Background: Myocellular creatine (Cr) uptake is predominantly governed by the creatine transporter (CreaT) and plays a pivotal role in skeletal muscle energy metabolism. The CreaT belongs to a neurotransmitter transporter family that is functionally regulated by protein tyrosine kinase induced tyrosine phosphorylation. Recently, complement regulatory protein CD59 has been found not only to protect host tissue from C5b-9 complex attack that occurs in sepsis but also to initiate the activation of Src family kinase and tyrosine phosphorylation of its downstream proteins. The purpose of this study was to determine the association between myocellular free Cr, c-Src related tyrosine phosphorylation of the CreaT, and CD59 during sepsis.
Methods: Male Sprague-Dawley rats (250 to 300 g) were randomized to undergo cecal ligation and puncture (CLP) or sham operation. Fast-twitch gastrocnemius muscles were harvested 24 hours after operation. Myocellular free Cr levels were measured by high-performance liquid chromatography. Combination of protein immunoprecipitation with Western blotting was used to assess tyrosine phosphorylation status of the CreaT and the association between CD59, c-Src, and CreaT.

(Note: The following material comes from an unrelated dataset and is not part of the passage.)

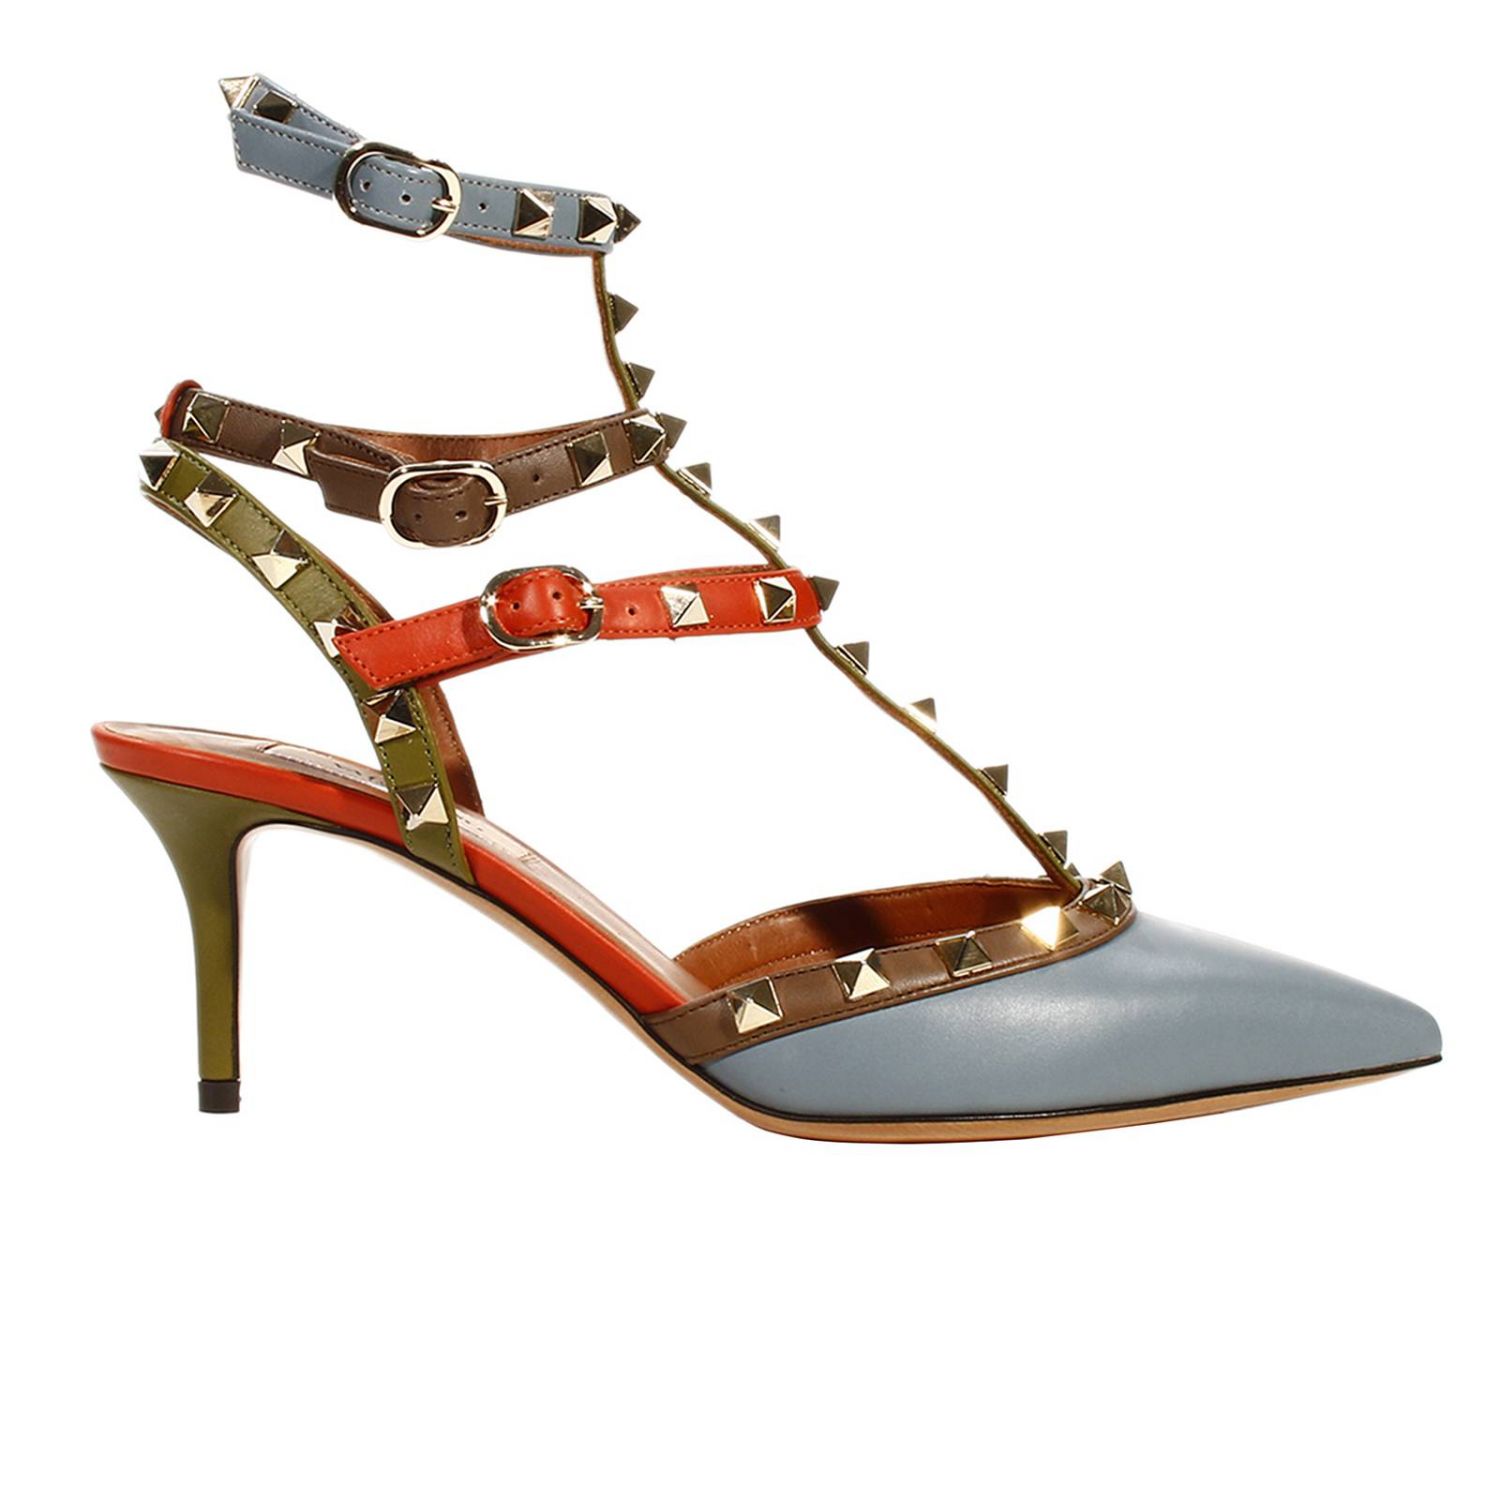 Valentino Garavani Outlet: 5,5 HELL ROCKSTUD LEATHER MULTICOLOR WITH ...

Results: Myocellular free Cr levels were 70% greater after CLP. Tyrosine phosphorylation of the CreaT was significantly increased after CLP as compared to sham operation. Tyrosine phosphorylated c-Src (Tyr-416) in the CreaT-c-Src immune complex was 24% higher after CLP. Sepsis also increased protein expression of tyrosine phosphorylated c-Src (Tyr-416) or CreaT in the CD59-c-Src or CD59-CreaT complex by 20% or 30%, respectively.
Conclusions: During sepsis, an increase in myocellular free Cr levels is associated with enhanced tyrosine phosphorylation of the CreaT, which is likely induced by active c-Src. CD59 is physically associated with both c-Src and CreaT, which suggests that CD59 may participate in the regulation of myocellular Cr metabolism via the CreaT during sepsis.